John Betjeman is a minor poet, but an original one. The exactness of his expression, the lightness with which he lays down serious moods, the disarming way he codifies the unwritten and terrifying laws of middle-class behaviour, are the works of a master. Betjeman is no comic ; he is a true satirist in the Praed tradition, but with more poetic vision than that parson. He is nostalgic, but unsenti- mental. Irishmen still talk of Betjeman's sojourn in Dublin with expansive appreciation. When one reads this verse it is easy to see why, for in Ireland, too, John Betjeman got below the surface of the life he described.

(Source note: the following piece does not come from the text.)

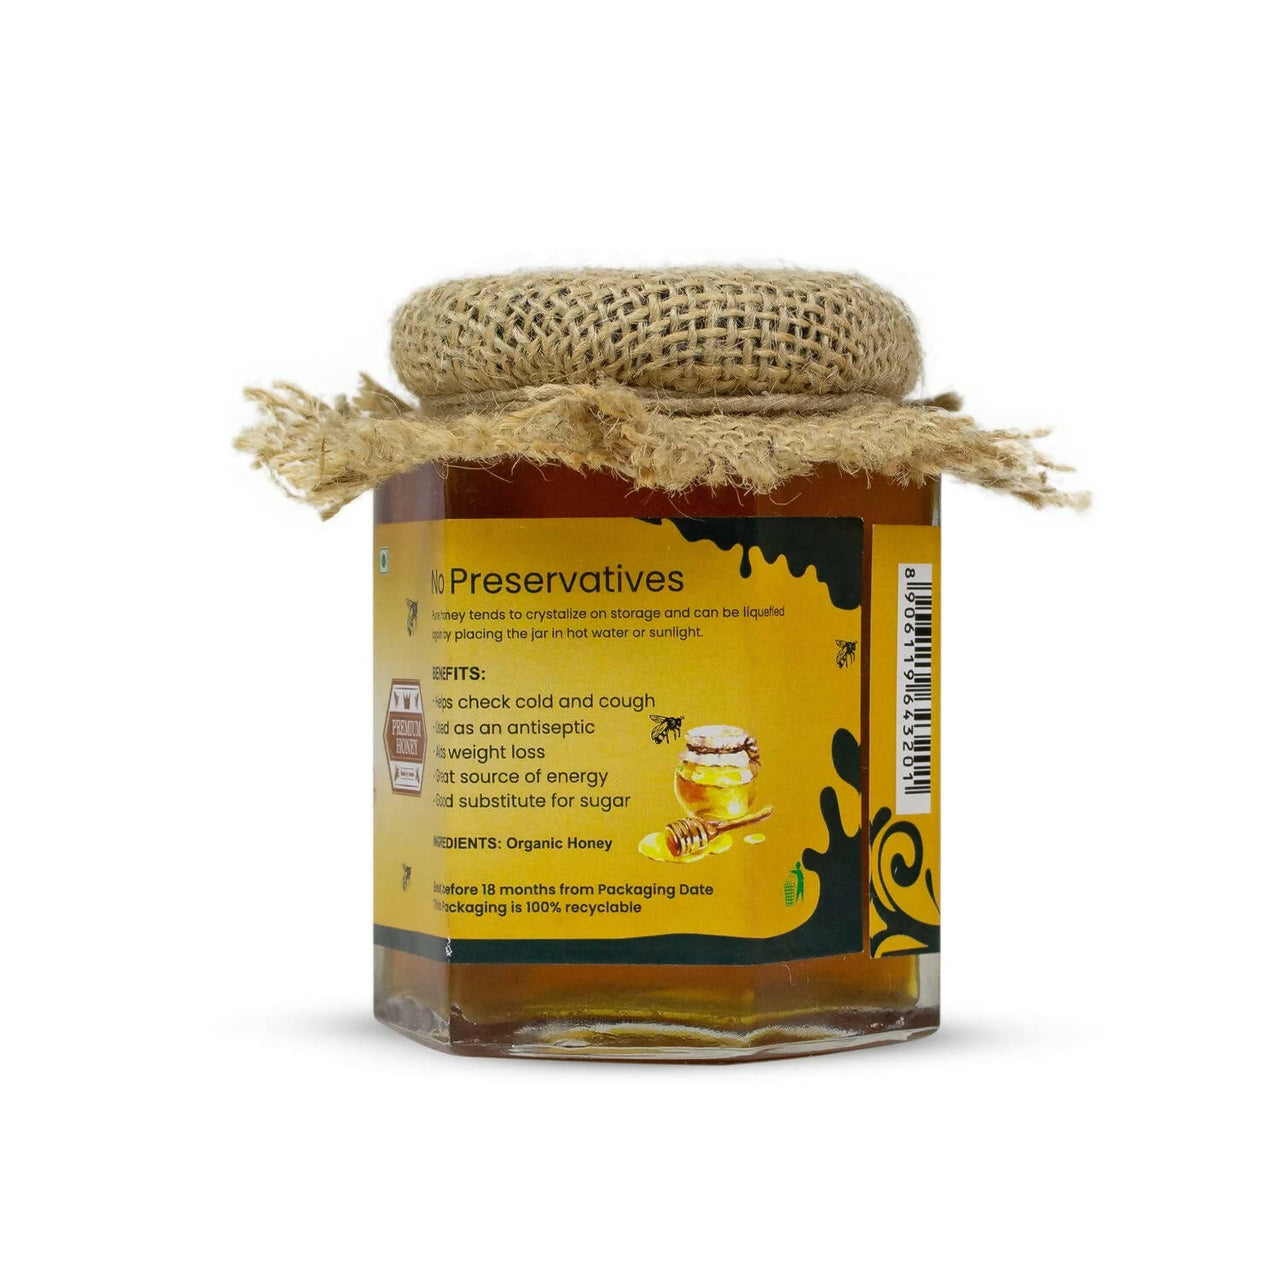 Upaveda Certified Organic Raw Honey - Distacart

" There in pinnacled protection, One extinguished family waits

A Church of Ireland resurrection

By the broken, rusty gates.

Sheepswool, straw and droppings cover Graves of spinster, rake and lover, Whose fantastic mausoleum Sings its own sea-blown Te Deum,

In and out the slipping slates."

The latest poems of C. Day Lewis are a disappointment. They lack ignition. Day Lewis has, indeed, the range of expression of a first-rate poet, the aim, the sensitivity, but not the effect. The poet's work must have some application wider than the intimacies of the experiences which produce it ; but reading Day Lewis is like reading a personal notebook. He has passion and pain, but it is the passion and pain of a man in another city, not yours. There is little grip in his work. This was not always so. Overtures to Death (1938) and Word Over All (1943) did grip, did ignite, did apply, and, in good measure, promised for the future. Now, this is that future, and the promise has not been observed. The vigour in Day Lewis's present poems, Poems, 1943-1947, is confined to an intrinsic technical vigour. They are like minnows in a schoolboy's net, lively, flashing, but small fry. The broken rhythms, the cleverly slipped rhyhmes, the profuse—if over-coloured—imagery are evidence both of Day Lewis's technical ease and the fertile quality of his imagination. Very rarely, too, as in Married Dialogue, he does manage some enlargement of the personal experience. It is a pity that he fails to sustain this quality throughout. At present, Day Lewis is under the influence of Hardy, who should be a corrective to the over-personalised statement. But Hardy's influence is not yet absorbed. It floats on the top of these poems as oil on water. Poems, 1943-1947, do not fill a gap in -Day Lewis's work ; they make one. Yet, he is working towards an end. Perhaps his next book will be the one to put your shirt on,. H. A. L. CRAIG.